> _TASK DESCRIPTION_
Only the lines from the one that contains "25 Sweet and" through the end of the entries, both included, should be transcribed, exactly and without pictures.

> _RECORDED INFORMATION_
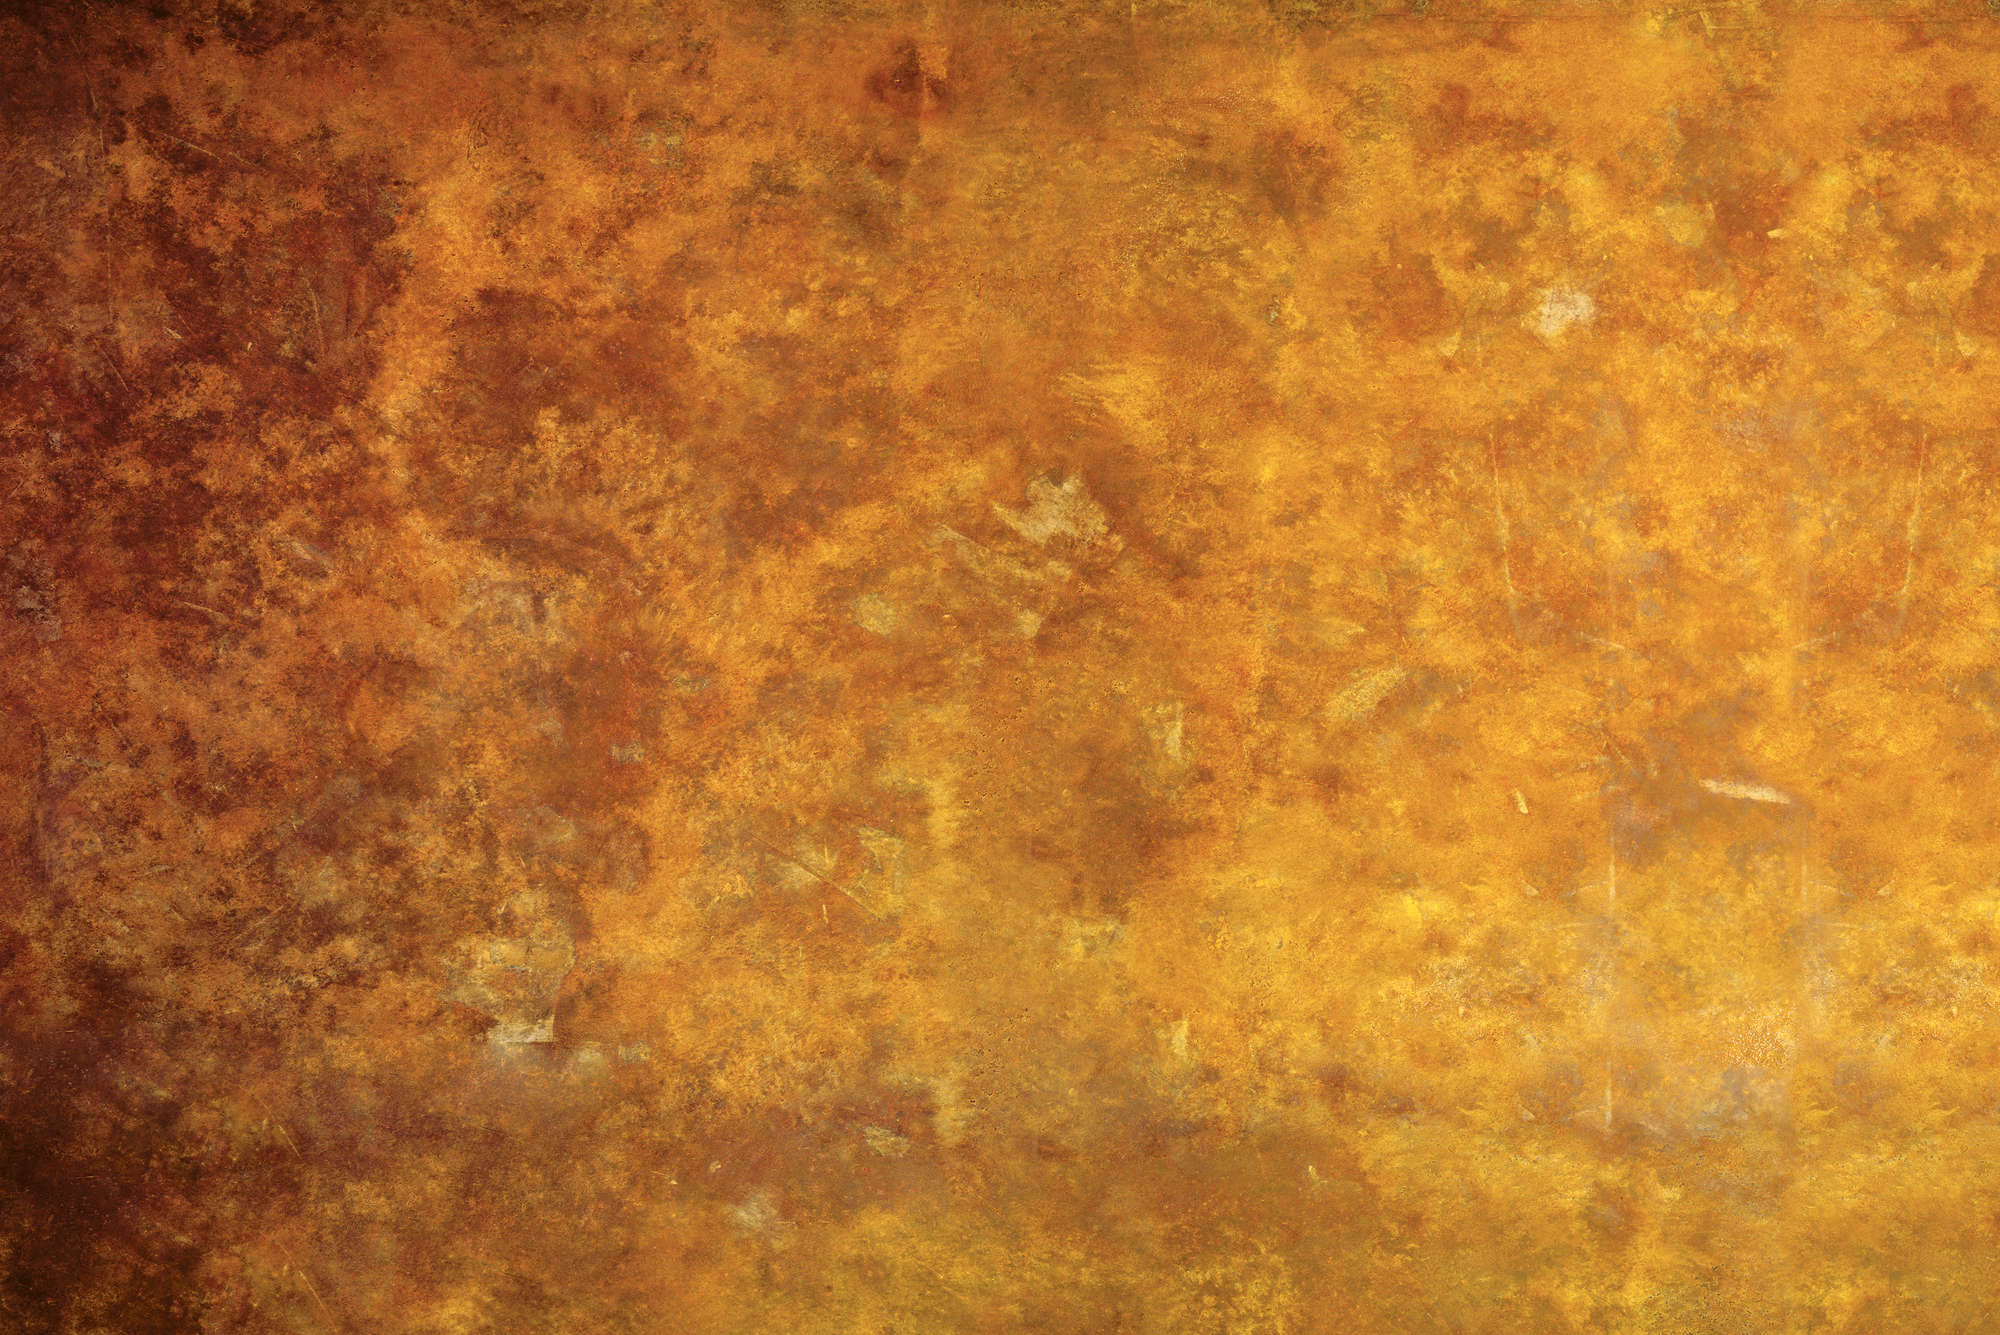             Fototapete Wand mit Rost in Hellbraun-Orange – Mattes Glattvlies
        
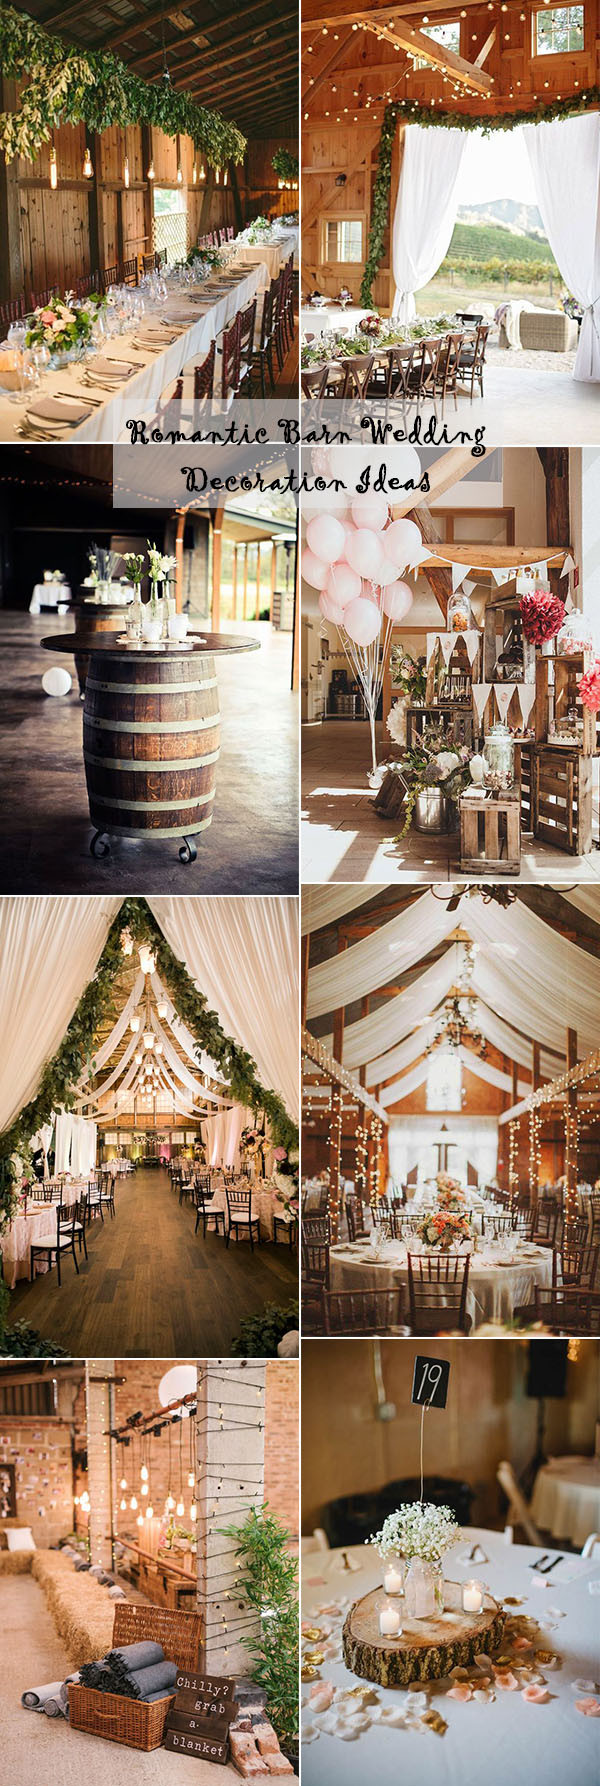 Barn Wedding Decoration Ideas
 25 Sweet and Romantic Rustic Barn Wedding Decoration Ideas
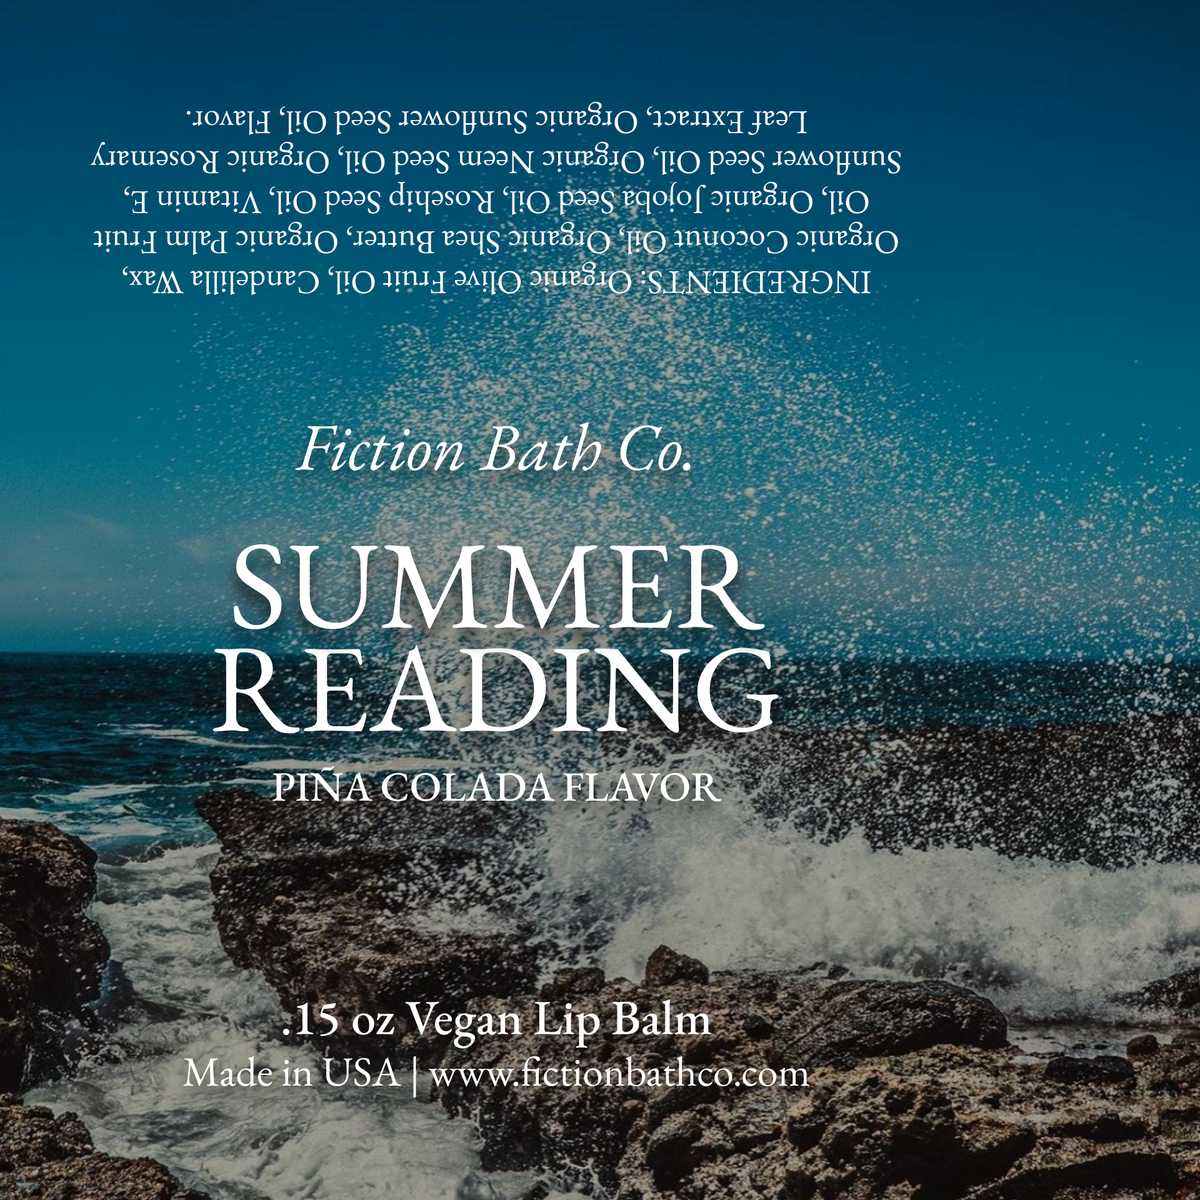 SUMMER READING Vegan Lip Balm – Fiction Bath Co.
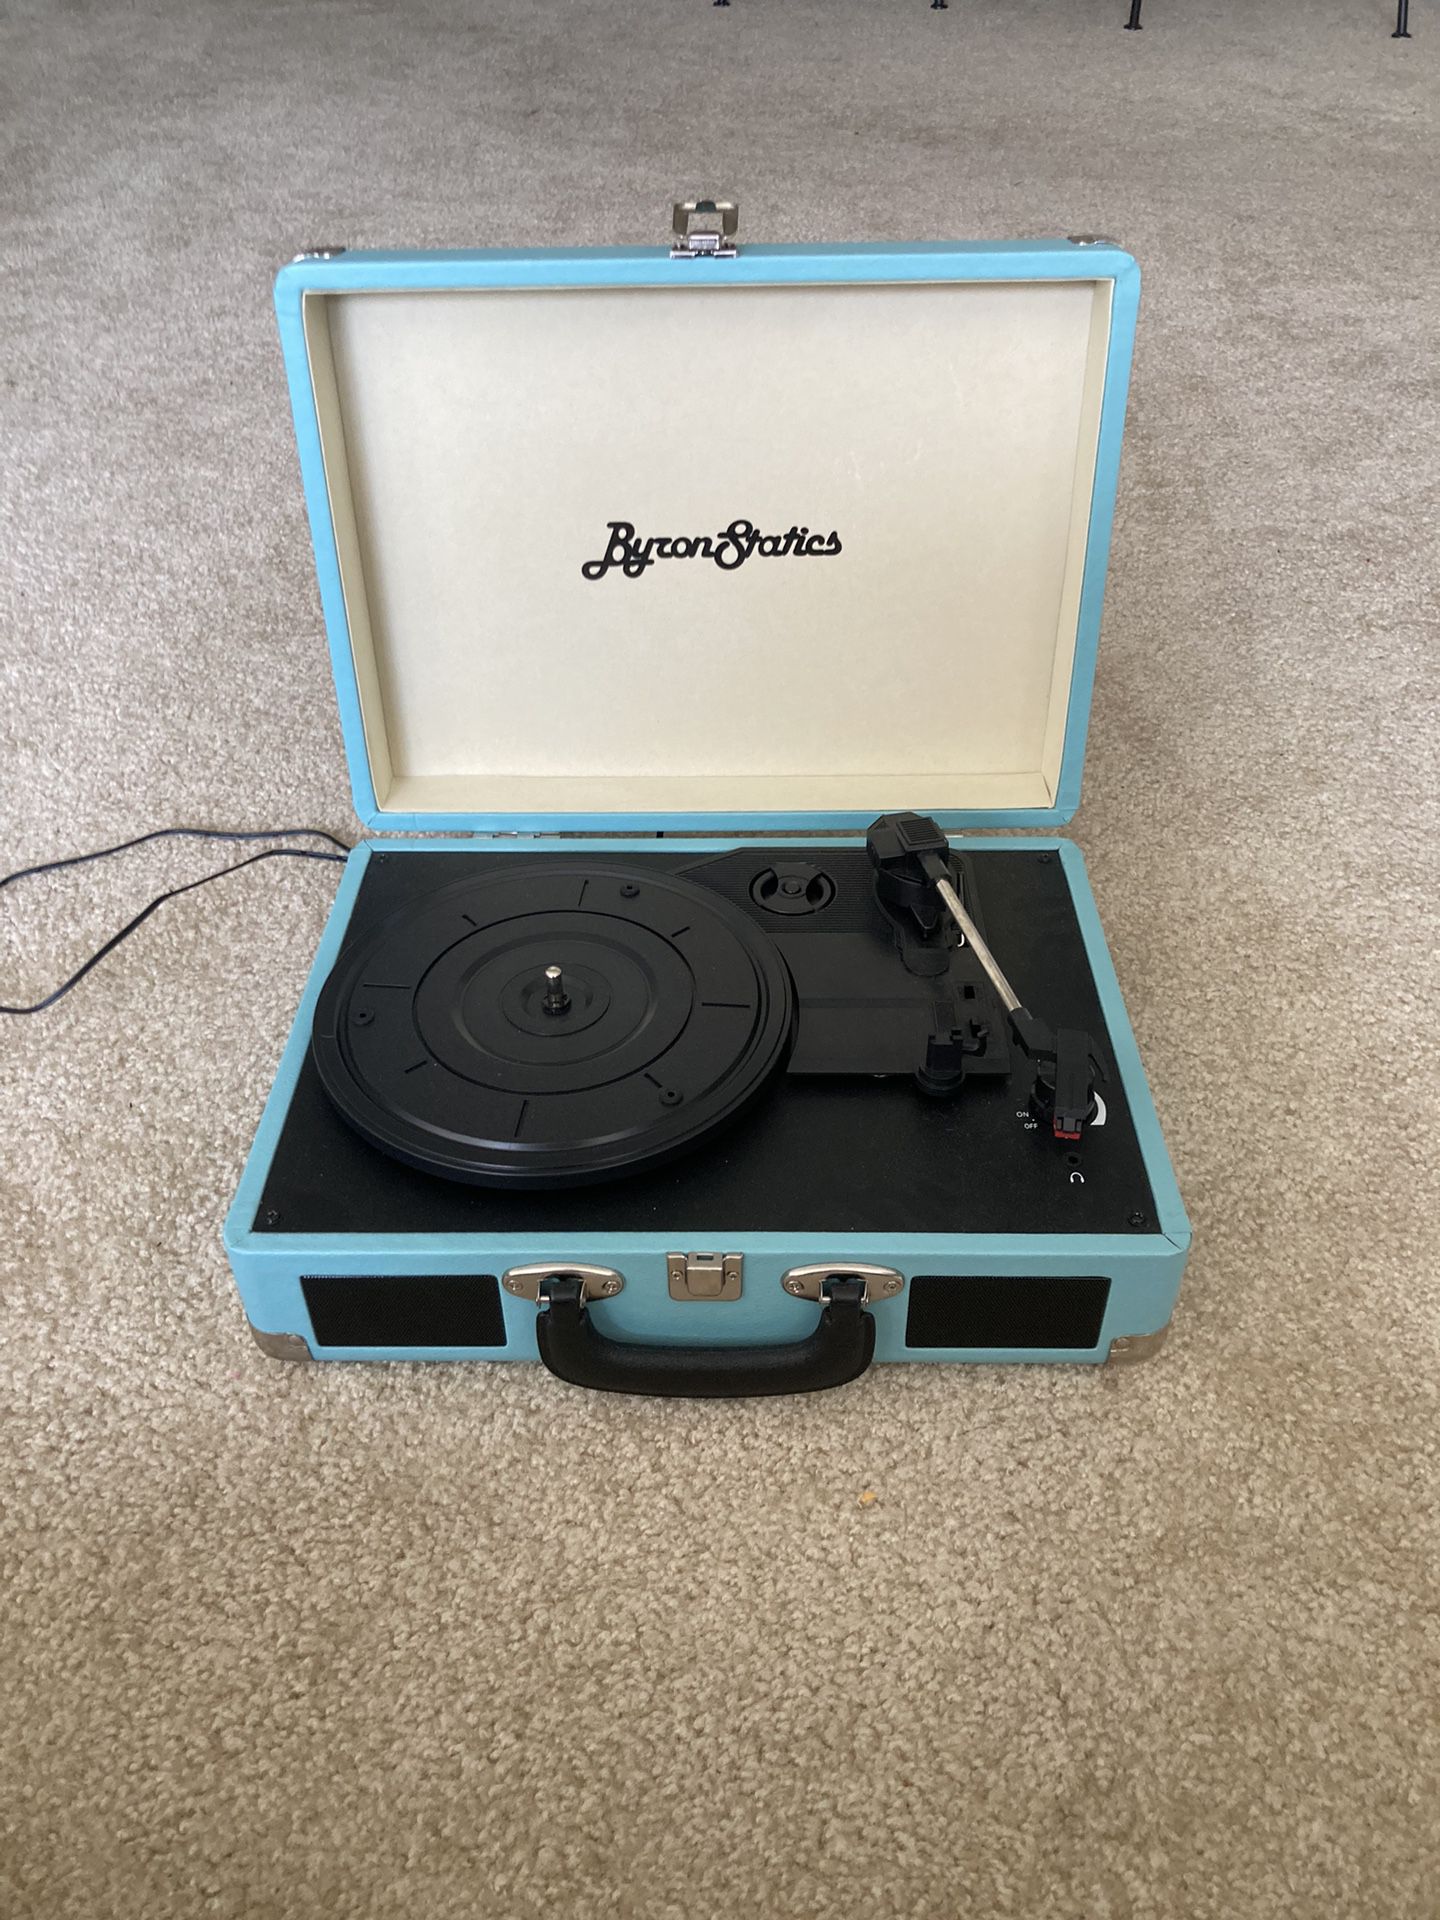 Byron Statics Turntable Vinyl Record Player Portable Vintage Suitcase, Teal

> _WRITTEN RESPONSE_
 25 Sweet and Romantic Rustic Barn Wedding Decoration Ideas
 SUMMER READING Vegan Lip Balm – Fiction Bath Co.
 Byron Statics Turntable Vinyl Record Player Portable Vintage Suitcase, Teal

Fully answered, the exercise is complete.